#### Material provided
:::::
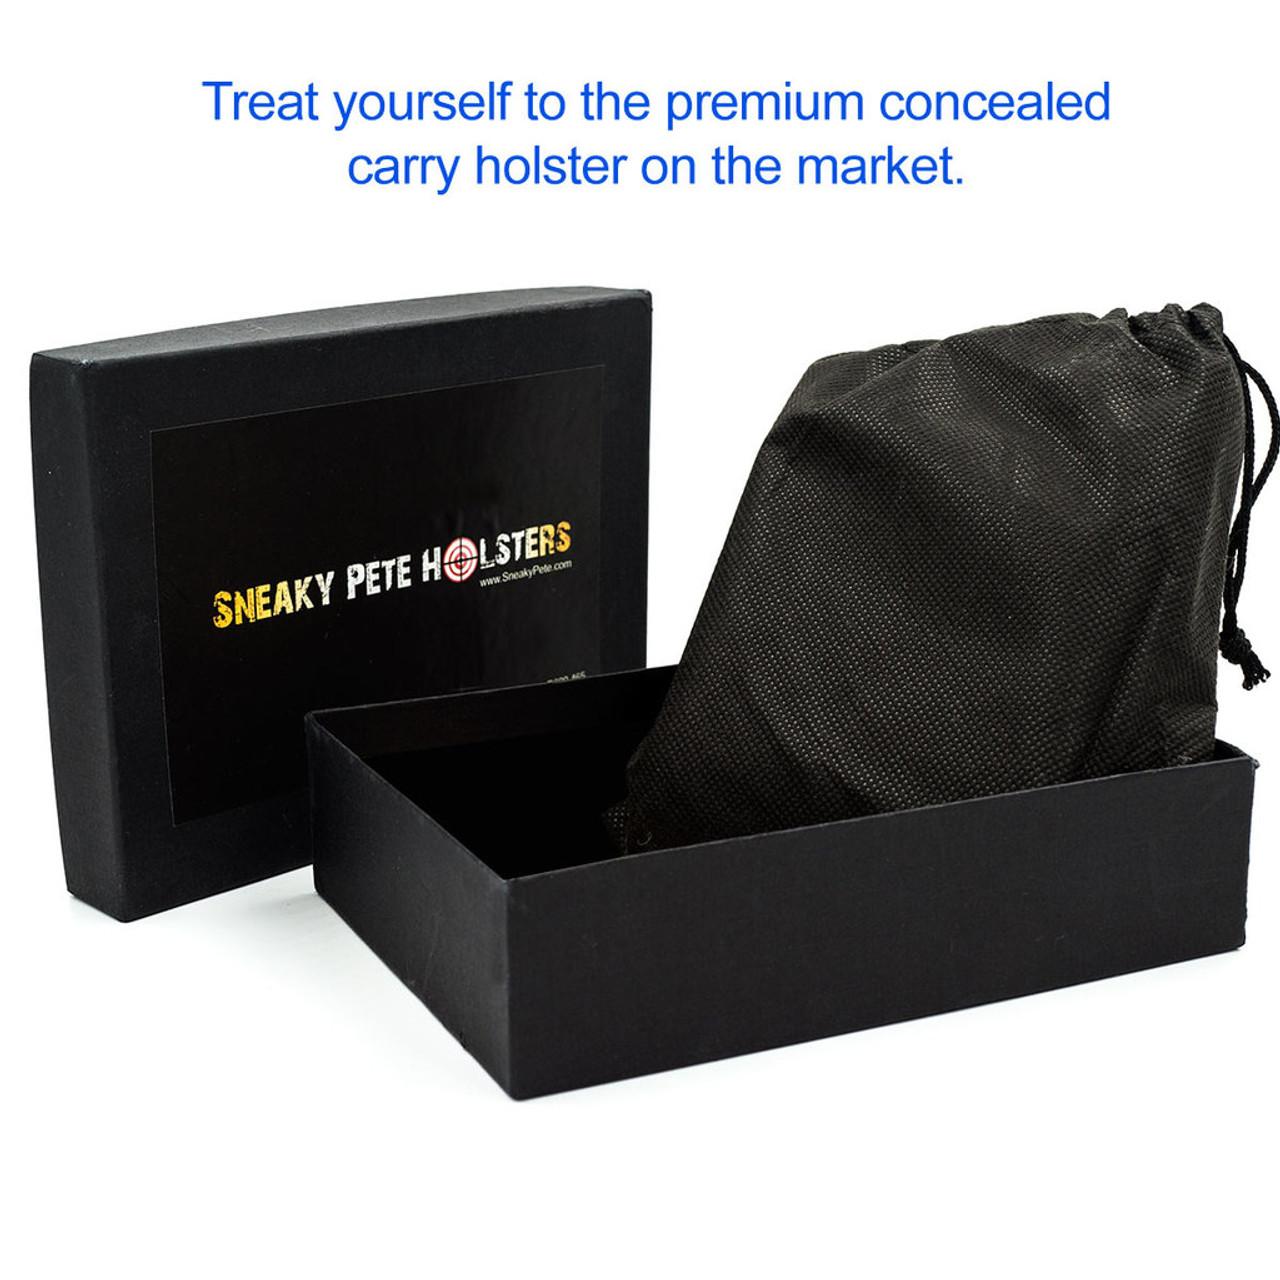 BodyGuard 380 Value Package 3
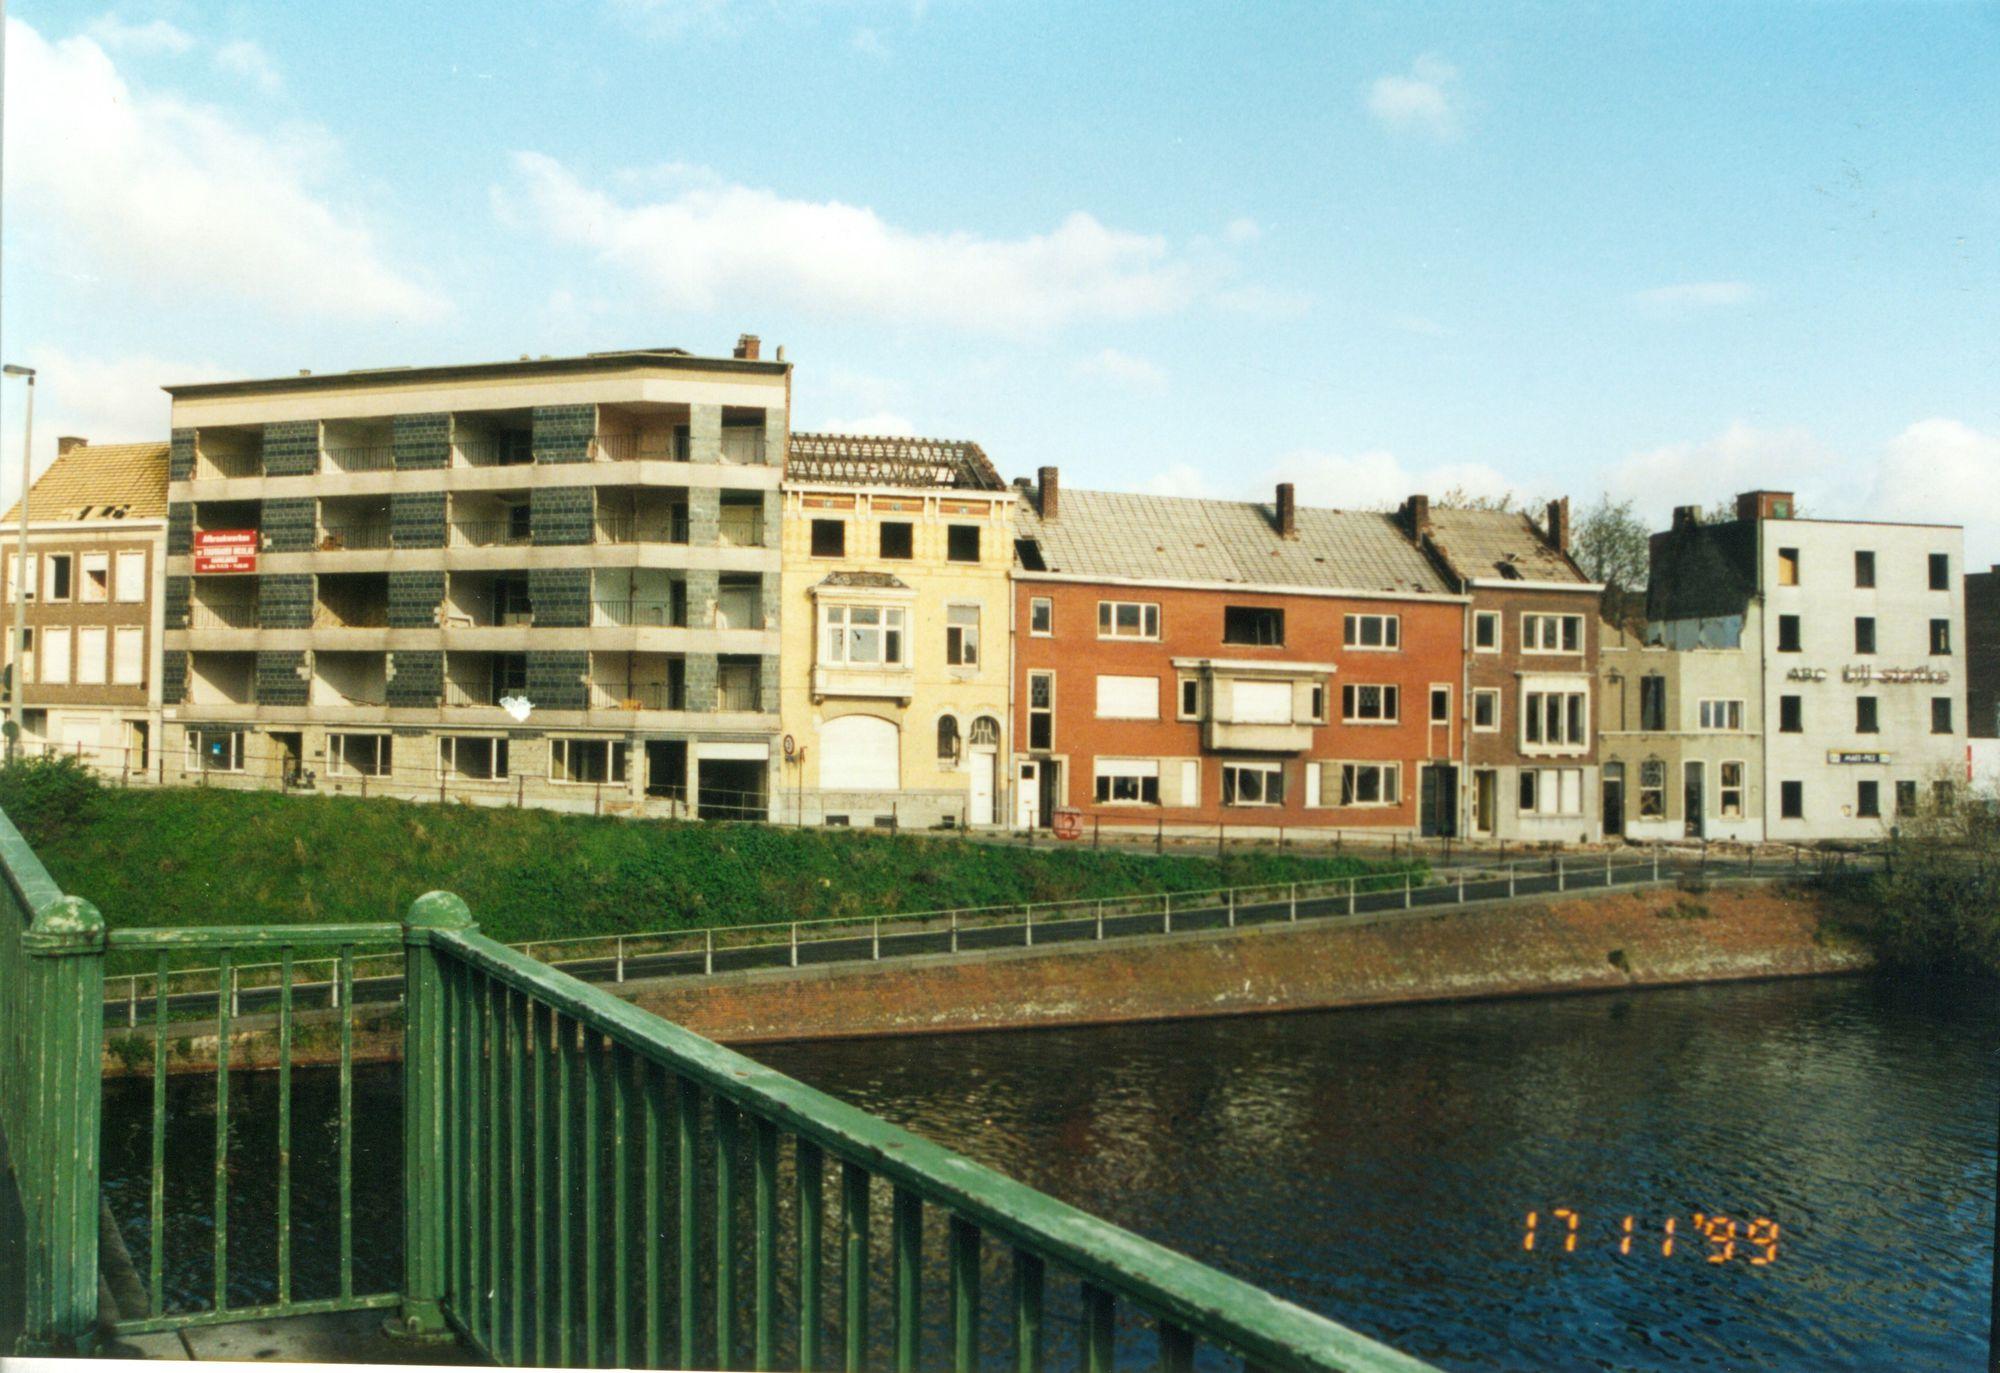 Nijverheidskaai 1999
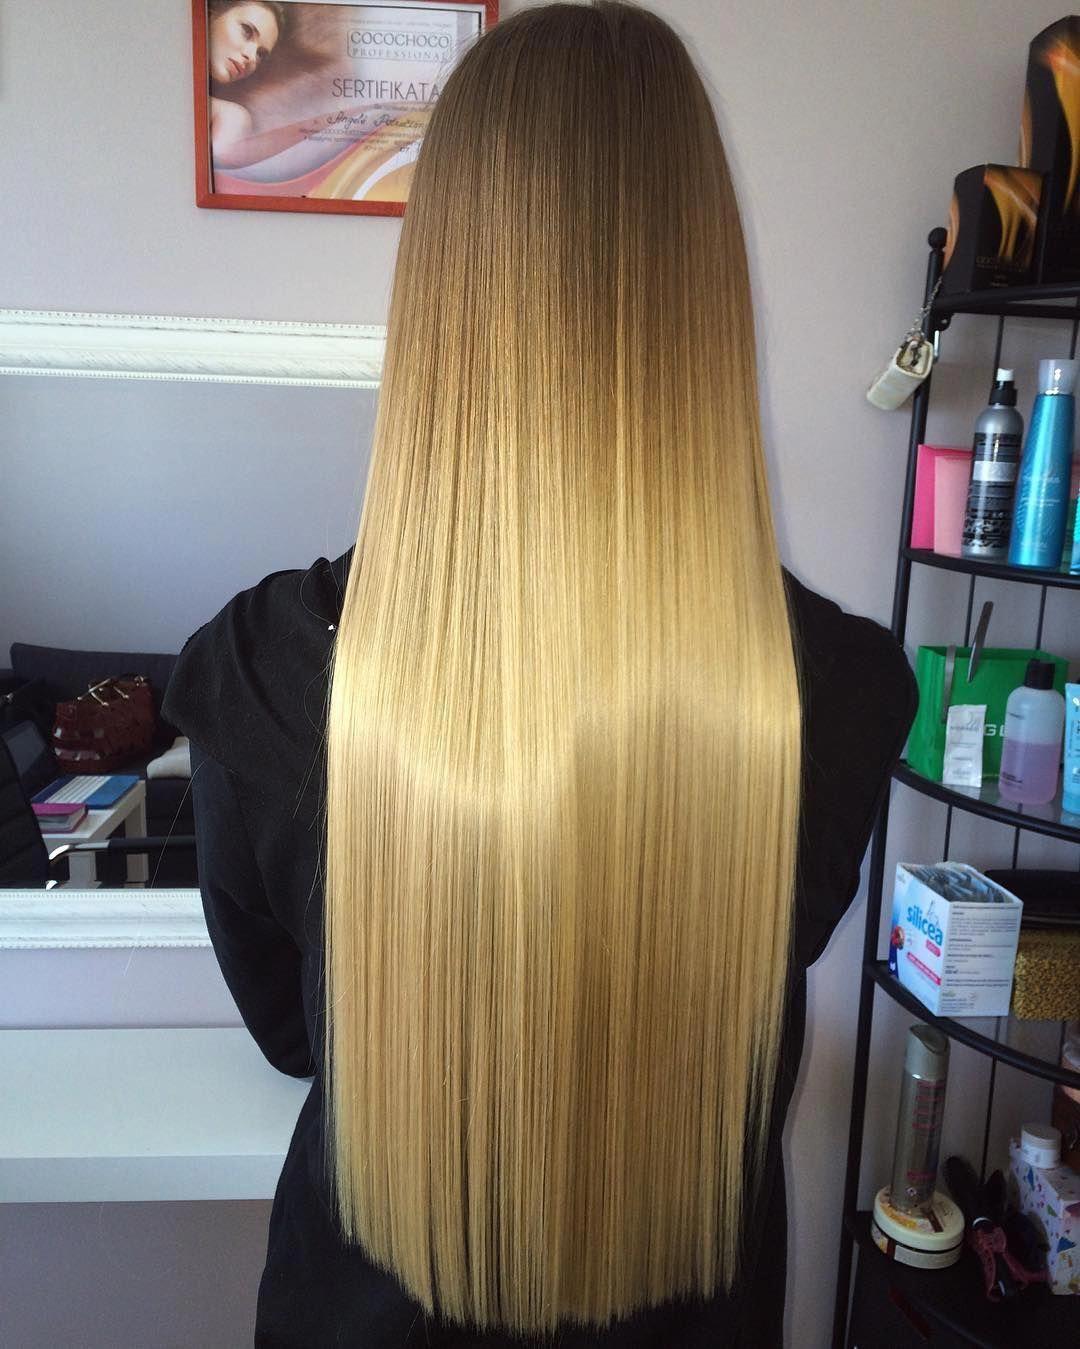 Black Straight Hairstyles Cute Straight Hair Haircuts For Super Straight Hair 20190429 Long Hair Styles Hair Styles Long Blonde Hair
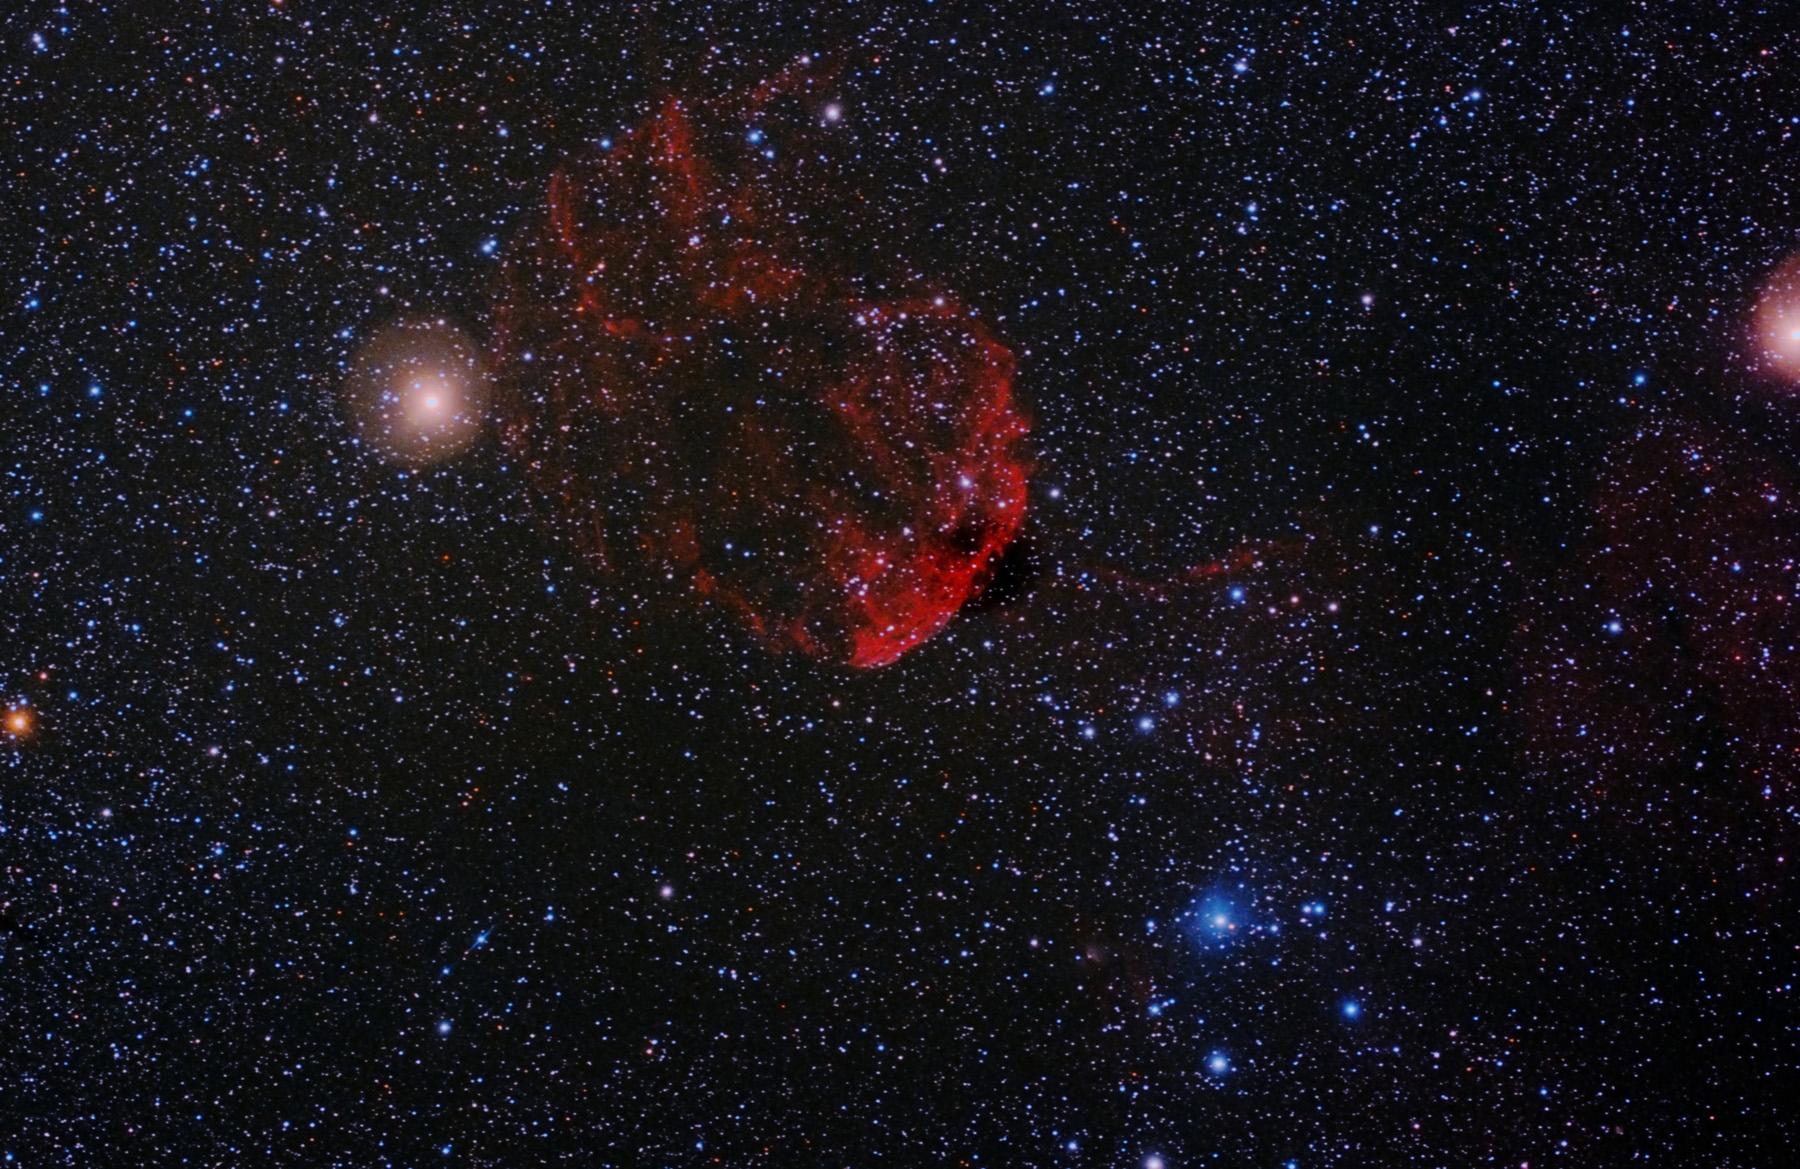 Nebulosa de la medusa IC 443
:::::
#### To do
Set down exactly, line for line, the data from the line that contains "Nijverheidskaai 1999" through its last line, keeping pictures out.

#### Answer space
 Nijverheidskaai 1999
 Black Straight Hairstyles Cute Straight Hair Haircuts For Super Straight Hair 20190429 Long Hair Styles Hair Styles Long Blonde Hair
 Nebulosa de la medusa IC 443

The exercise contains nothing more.